Contact: Lee 325-721-1151; Mona 325-636-3582; Raymond: 325-829-4429; Tom 214-662-1971; Gary 817-473-9092; James 817-323-744

I'll be there anyone else?


----------



## bahamutt99

I wish, but I doubt. Never know, though.


----------



## apbtmom76

OMG L I would love to see you and the Baha gang, I will be there with Phoebe  WOOT, soo excited


----------



## meganc66

wish i could go. LMAO.


----------



## apbtmom76

heheheh me too Megan would be great to see you


----------



## rosesandthorns

I'll be there if everything works out right with my jobs. Right now it's a go.


----------



## apbtmom76

WOO HOO L, I will see you there girl. Can't wait to see Suki


----------



## rosesandthorns

Yeah , Tye, can't wait to see you and Phoebe. Especially want to see what Suki will do after not getting to go to Kansas and her pups doing so well there.

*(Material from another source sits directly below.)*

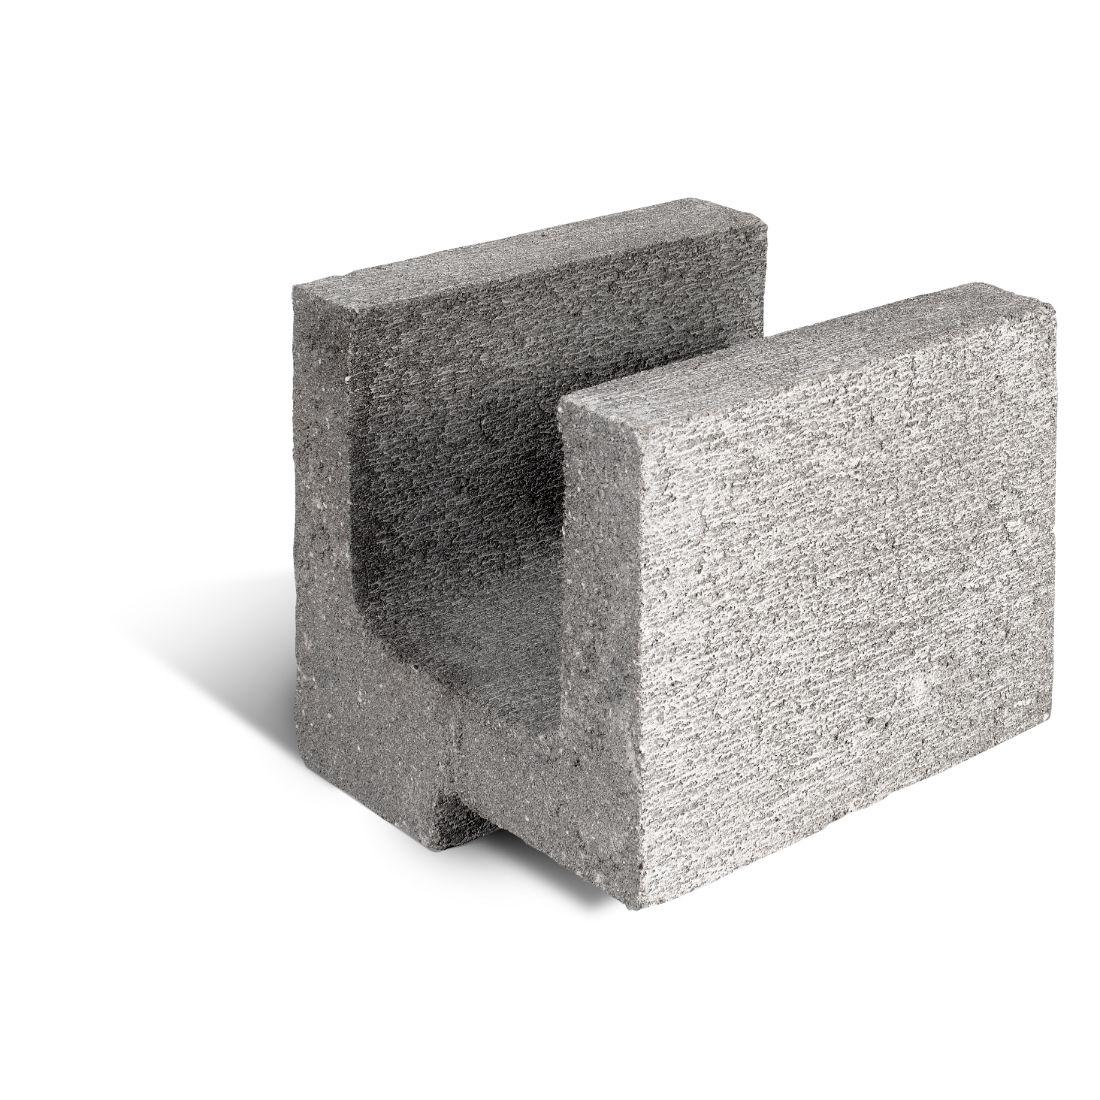 20.11R Rebate Lintel Block 190 x 190 x 190mm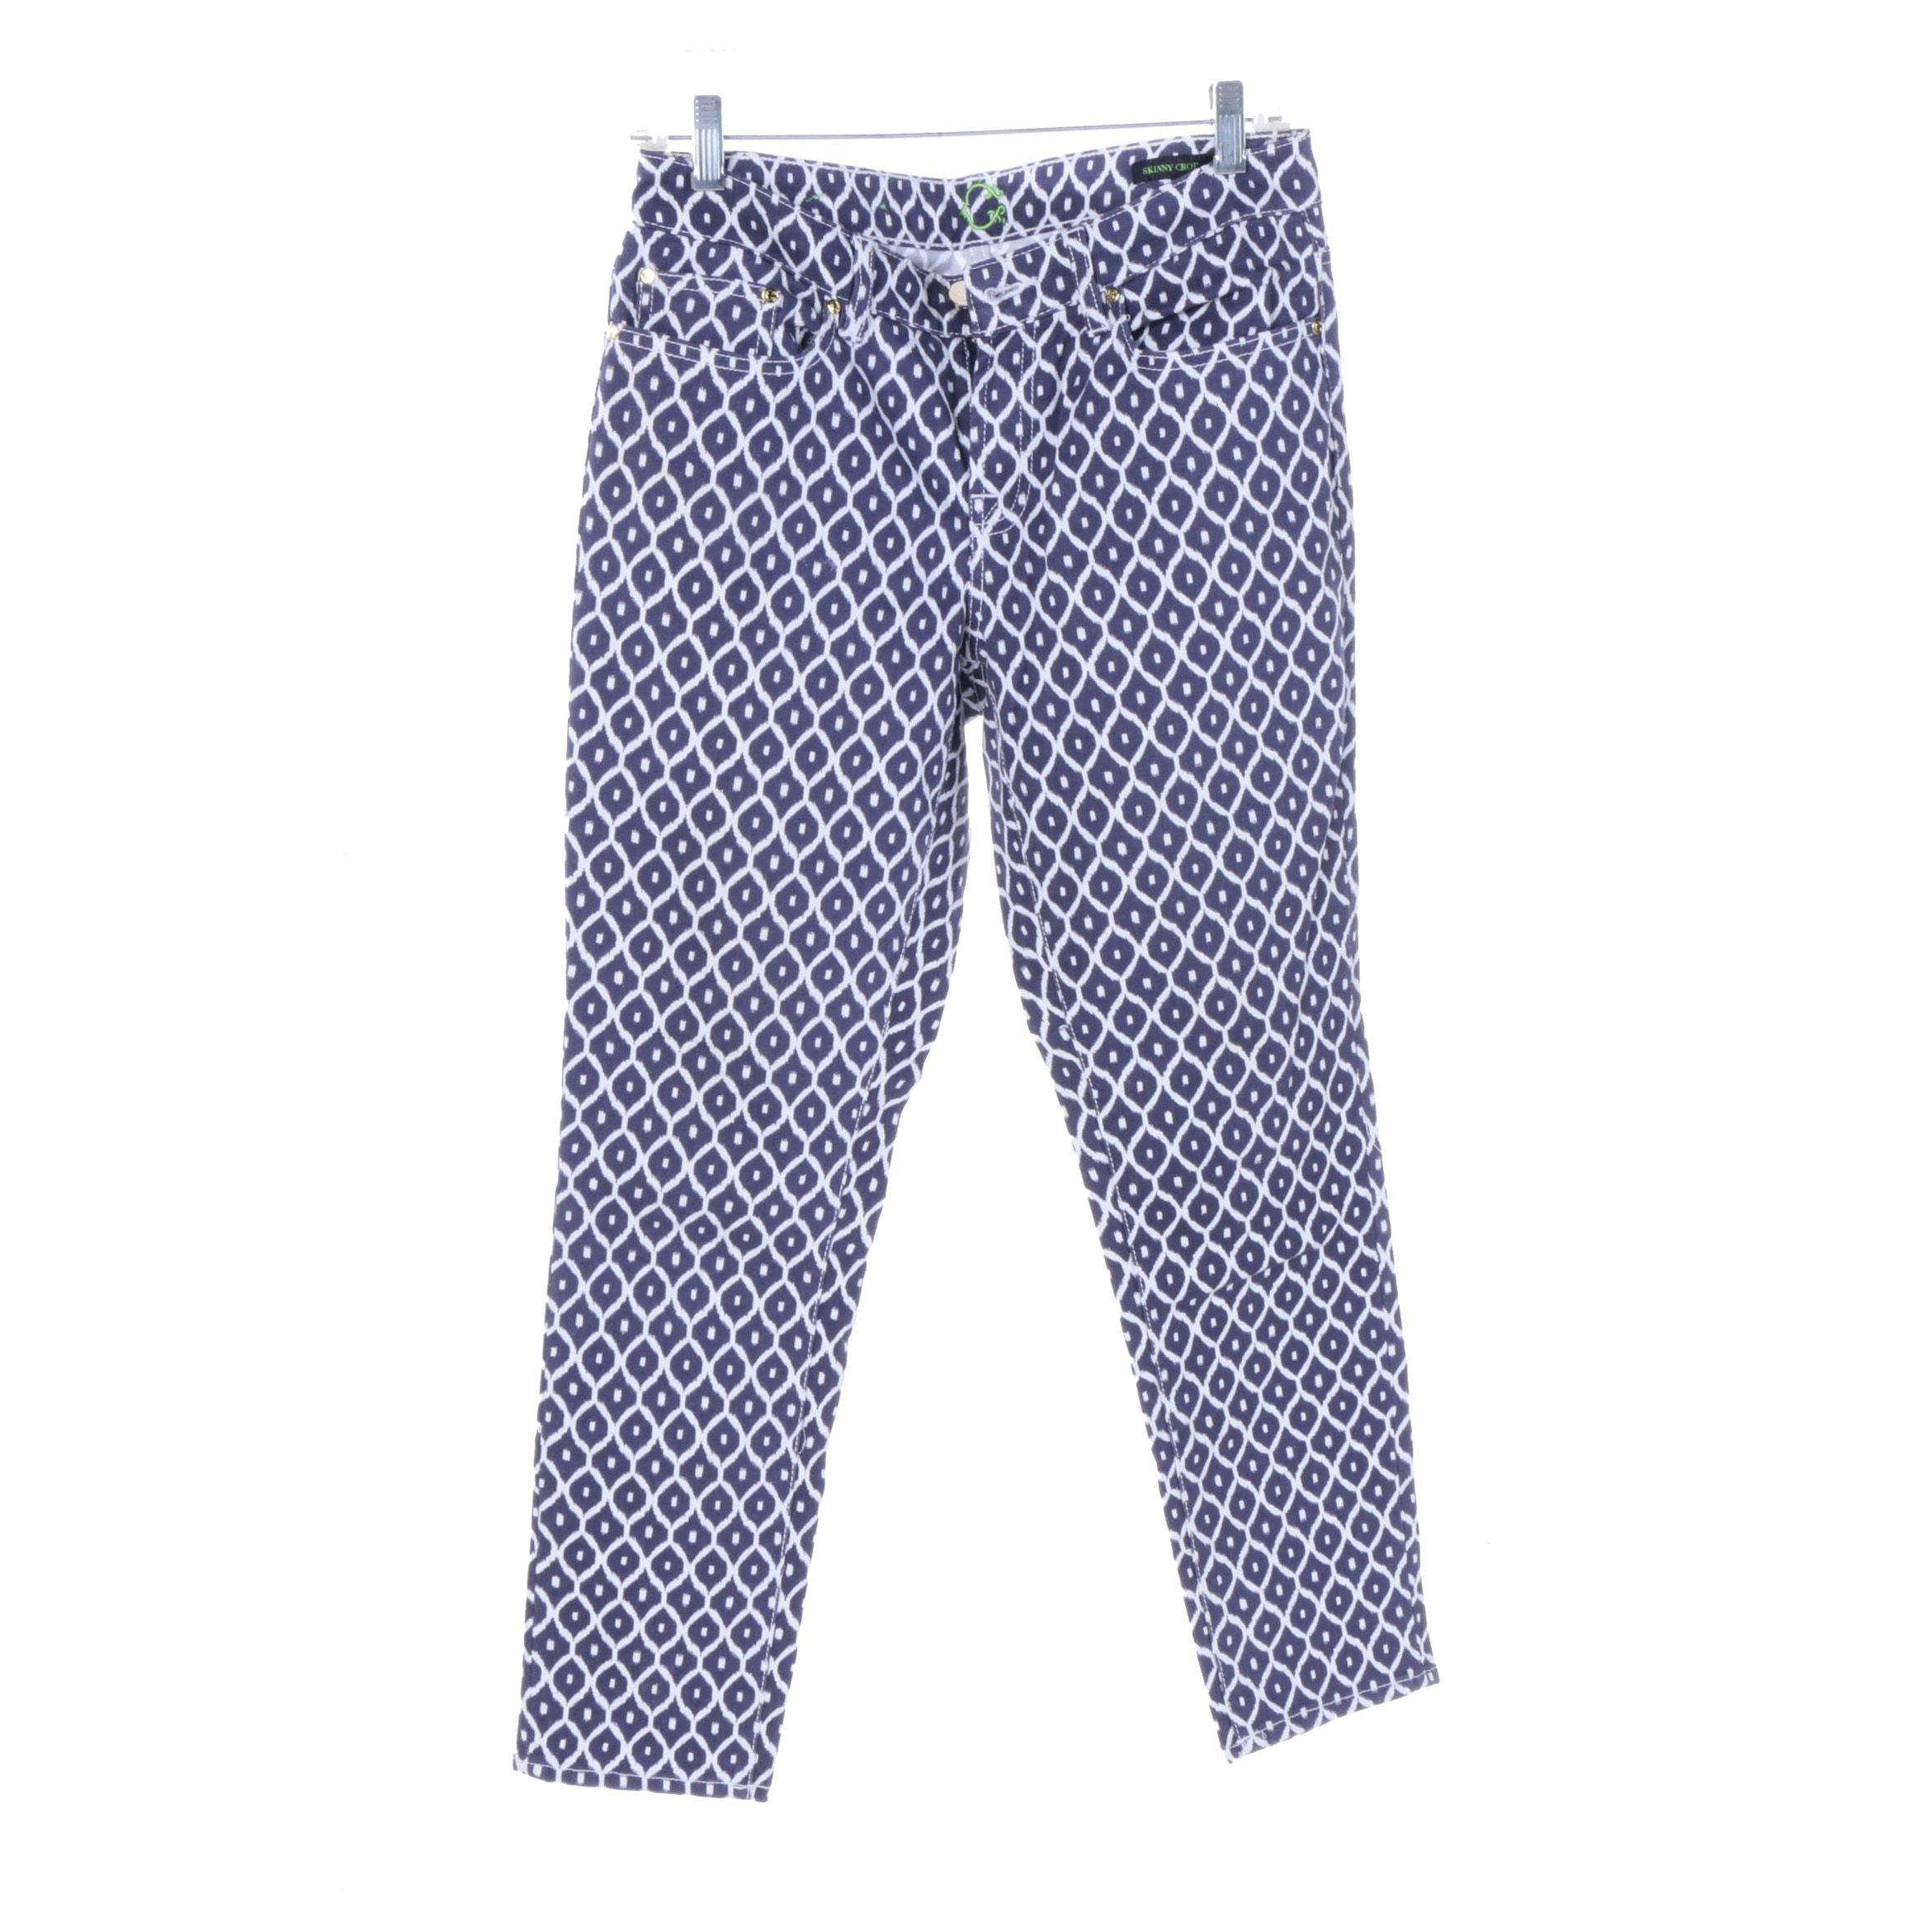 Women's Charming Charlie Diamond Printed Skinny Jeans

That was a real family affair and I hope we get to repeat it at Cleburne. fingers crossed.


----------



## apbtmom76

Fingers crossed for ya, can't wait to see the pups either, oh my, these the ones from Smokey right?? OOOO you gotta be there girl, haven't seen you since Liberty and Phoebe looks freakin fantastic, not gonna show y'all pics til after the show


----------



## StaffyDaddy

*sighs* i doubt i can make it down there for that.....


----------



## apbtmom76

awwww come on Oz, is not that far from you, is right outside of the D/FW area about 30 minutes. Come ON man you and Chino and your gorgeous wife should be there


----------



## StaffyDaddy

ahhhhh i want to but isnt that the day after thanksgiving? we're not even coming down for thanksgiving i think we're hosting at the new house ANNND the day after thanksgiving is NUTS for us... _*EFFIN RETAIL MANAGEMENT ARRRGGGGHHHHHHHHH*_


----------



## StaffyDaddy

aannnndd we will have Loca by then... two pups with us if we came


----------



## apbtmom76

so two pups is ok  And it is the friday and Sat after Thanksgiving yes  Dude, you should make the time off happen, tellin ya, will be a great time


----------



## StaffyDaddy

i know i know i know but theres about 6 of us running 4 stores it gets hectic on weekends thats about the only thing i hate about my job is how its hard to get time off...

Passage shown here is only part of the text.